Senate passes bill to vacate misdemeanor marijuana convictions

Washington state senators approved a bill on March 11 with a 29-19 vote that could vacate tens of thousands misdemeanor marijuana convictions.

The bill, which is sponsored by Sen. Joe Nguyen (D-White Center), would require that sentencing courts approve requests for conviction vacations by people who were at least 21 at the time of the offense.

"This is something that has been legalized by the vote of the people and would not be criminalized right now," Sen. Nguyen said prior to the bill's passage. "As we know convictions create an extreme hardship for folks, whether it's housing or educational opportunities."

In 2012, voters approved Initiative 502, which legalized recreational marijuana statewide for those over the age of 21.

Both the Washington State Patrol and the Administrative Office of the Courts estimate that over 40,000 people across the state could be eligible for conviction vacation under the bill, the Tacoma News Tribune reports.
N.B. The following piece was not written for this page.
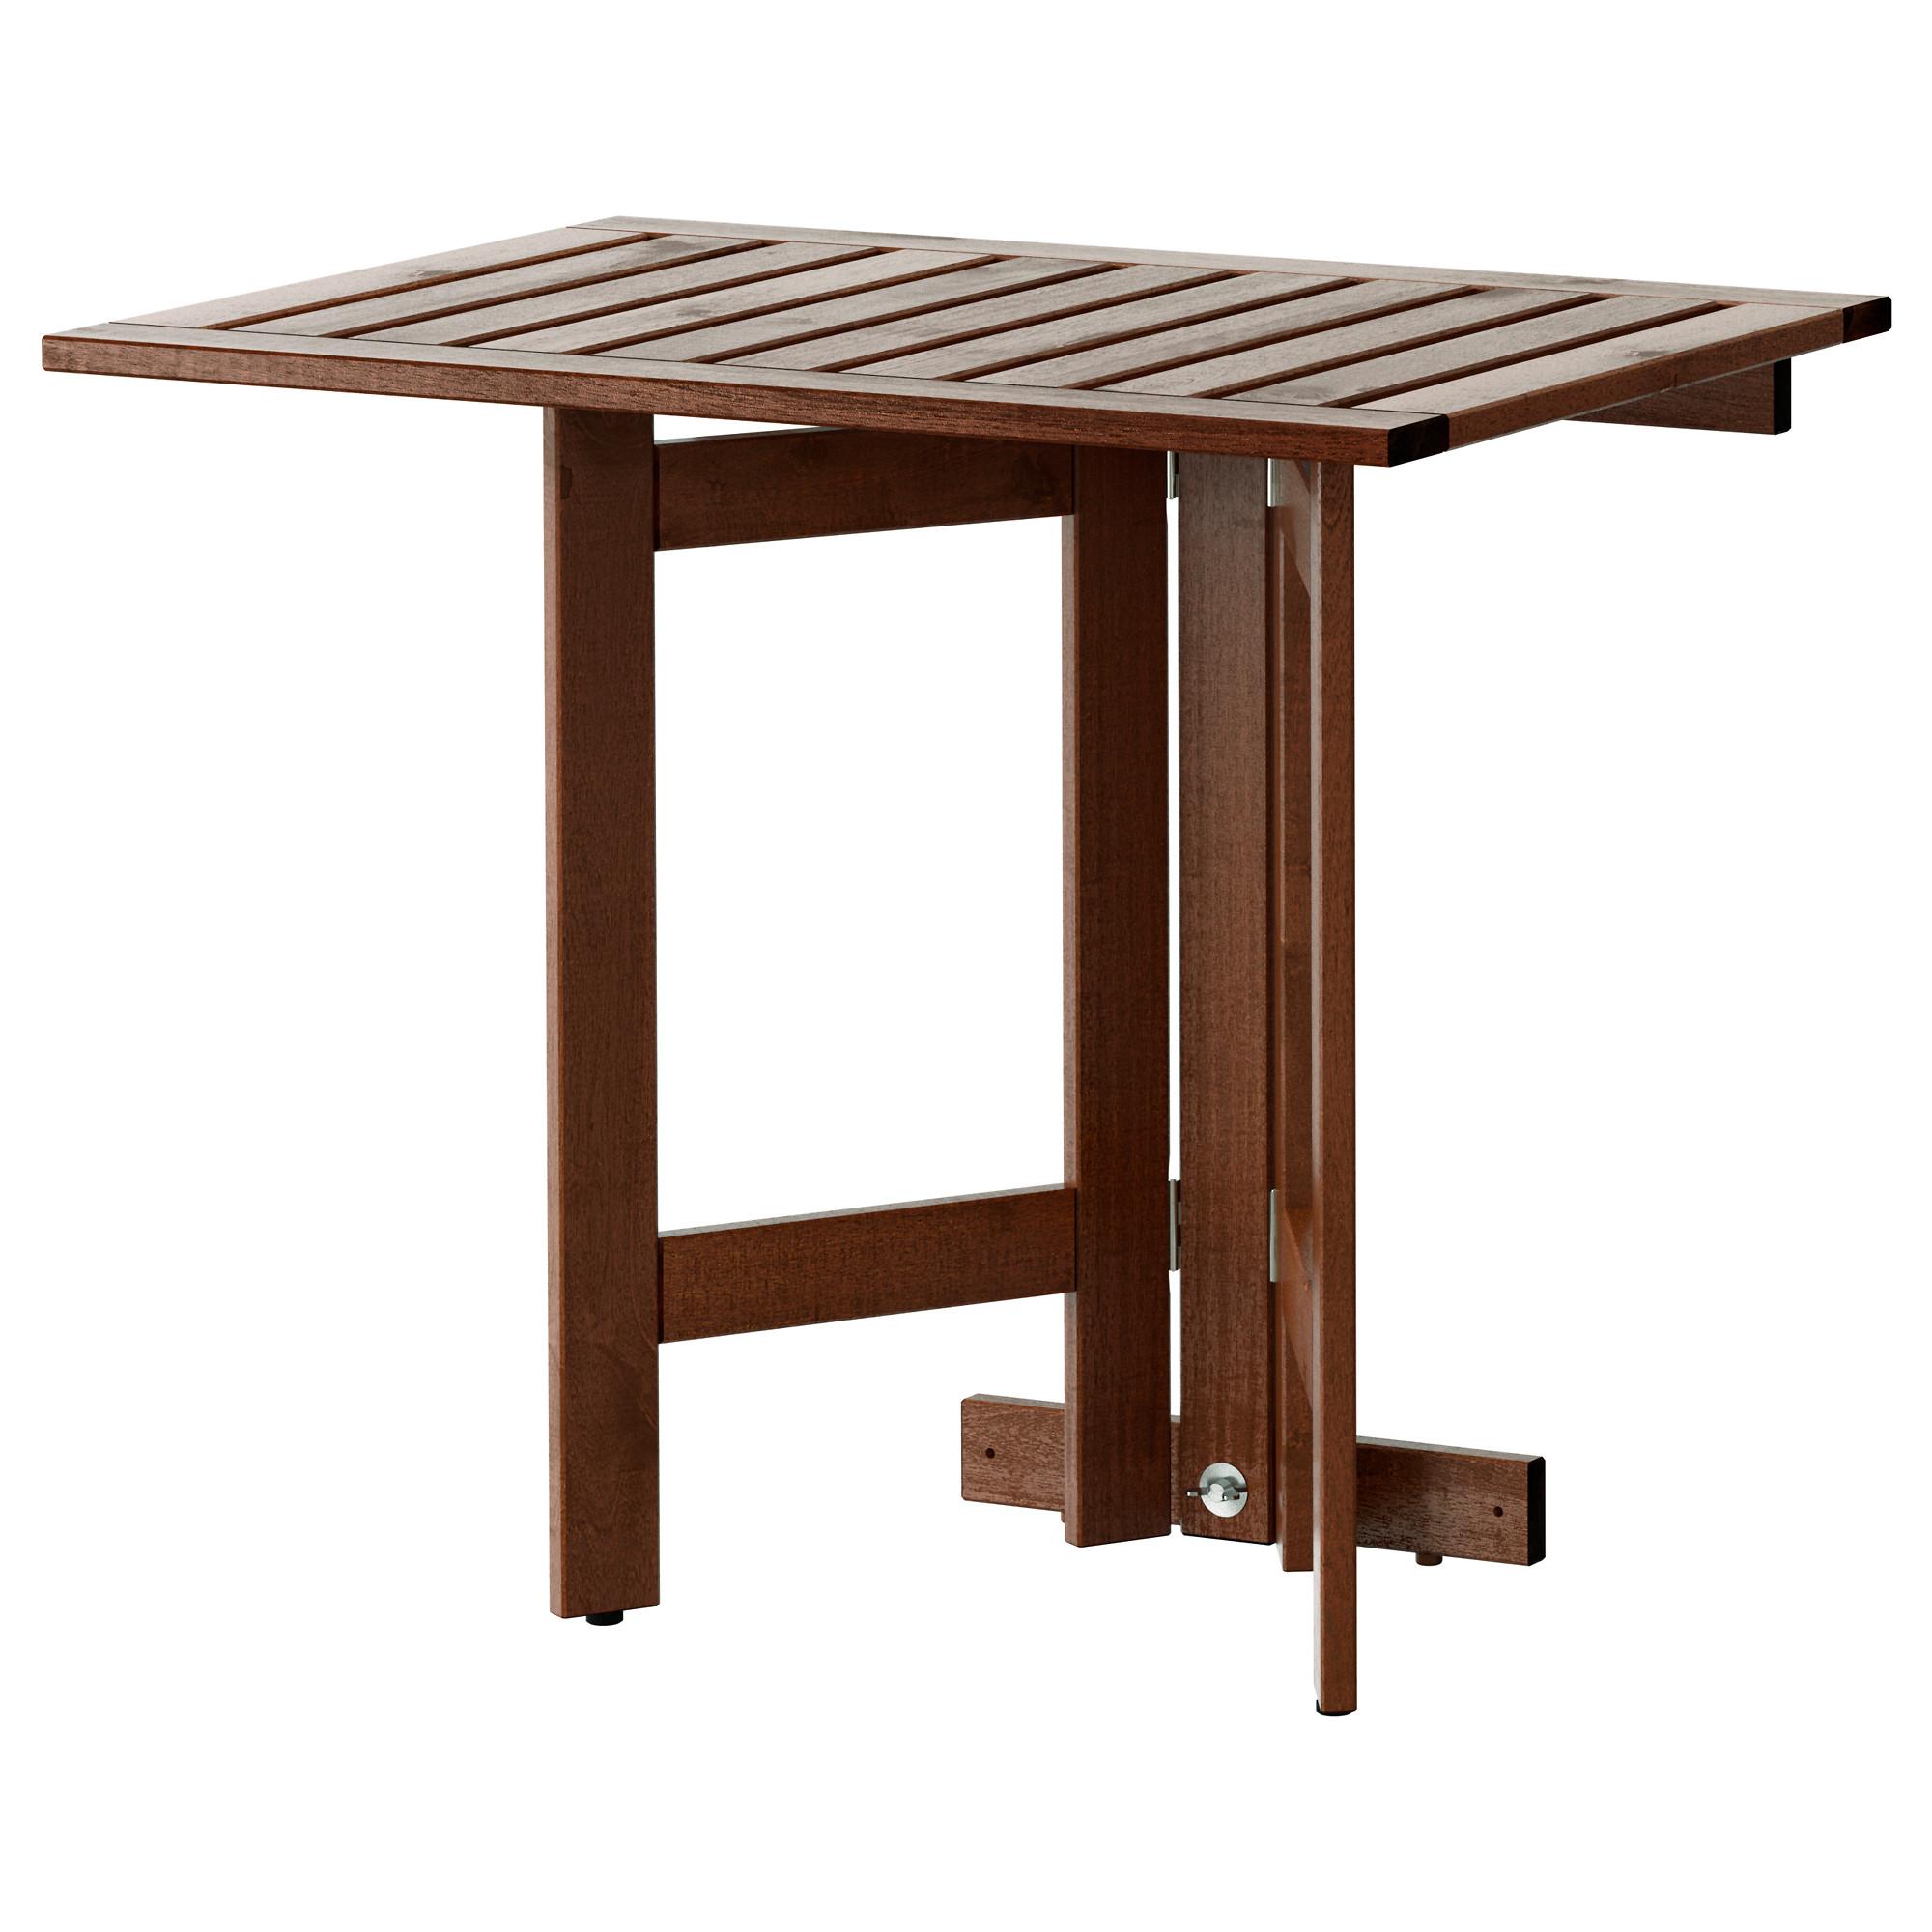 Купить складной стол, стенной крепеж, для сада эпларо, ко....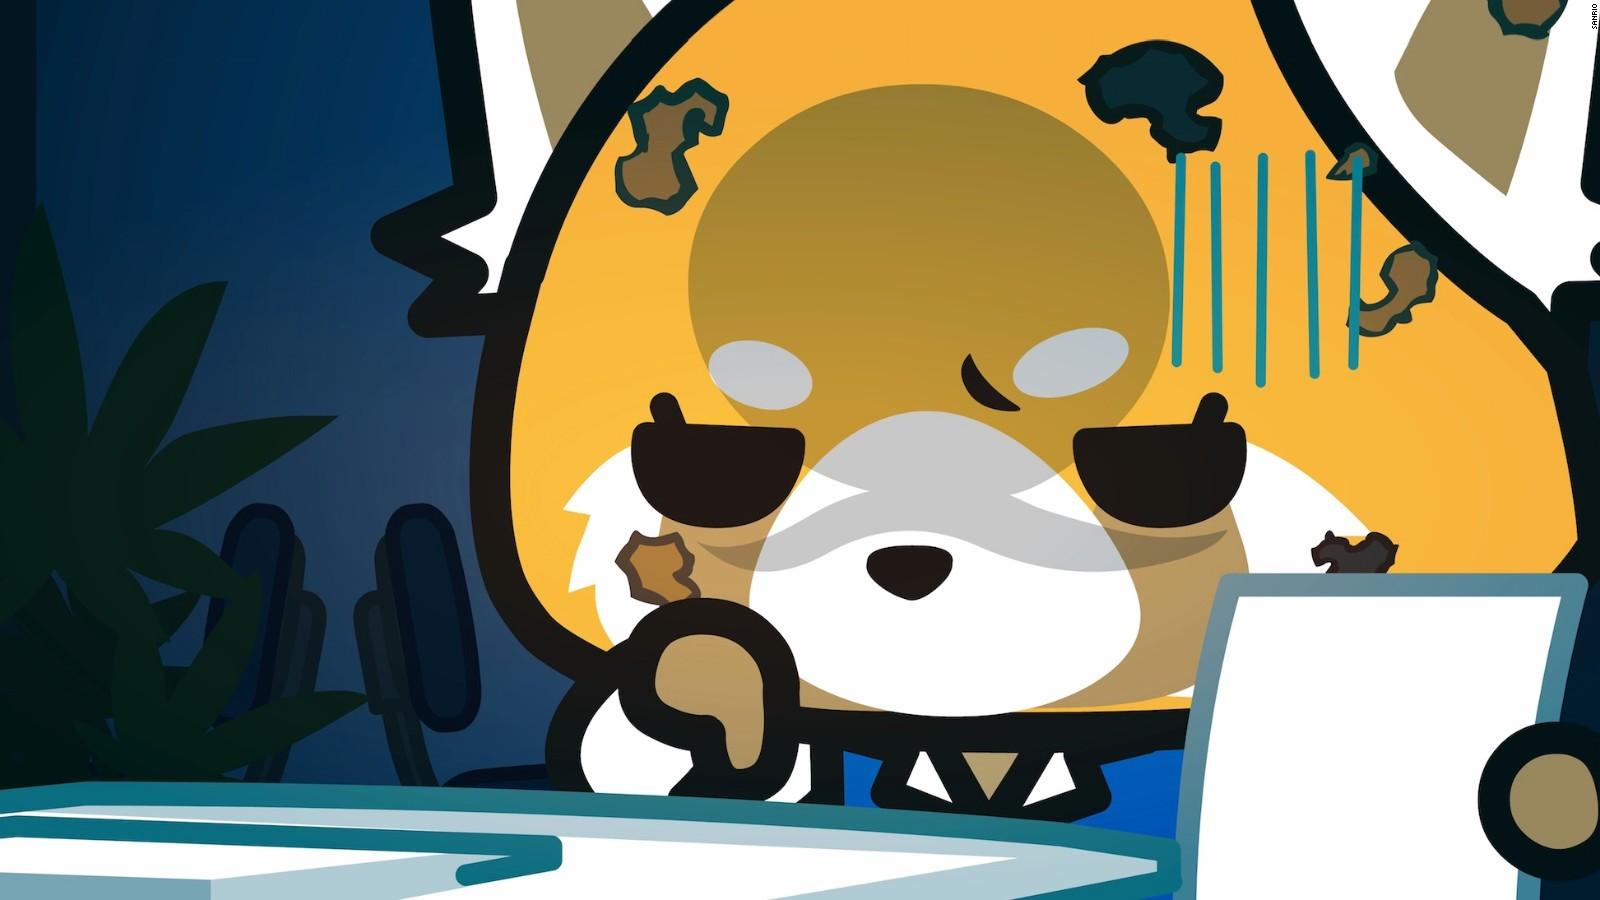 Must see Wallpaper Hello Kitty Panda - 170221075756-02redpanda-full-169  Graphic_16182.jpg

Earlier this year, Gov. Jay Inslee announced that he would pardon people with misdemeanor marijuana possession charges. However, his initiative limited the number of people that would be eligible — his office estimated the number is around 3,500 — by adding requirements like the misdemeanor be the only conviction on their record.

In contrast, the Senate bill would approve vacations of marijuana-related misdemeanors regardless of the person's record.

But the far-reaching nature of the legislation raised eyebrows among some senators, including local Republican Sen. Mike Padden, who argued that the bill went too far.

"Is that what we really want?" he said on March 11. "Certainly the people spoke and voted but when they voted that was prospectively, not retroactively."

Padden and Republican Sen. Jeff Holy pushed several amendments that would've prevented further conviction vacations for those who have already gotten two misdemeanor marijuana convictions wiped from their record and required that people apply for convictions within one year of the bill's enactment. Both amendments were voted down. The bill now moves over to the House before it can head to Inslee's desk for his signature.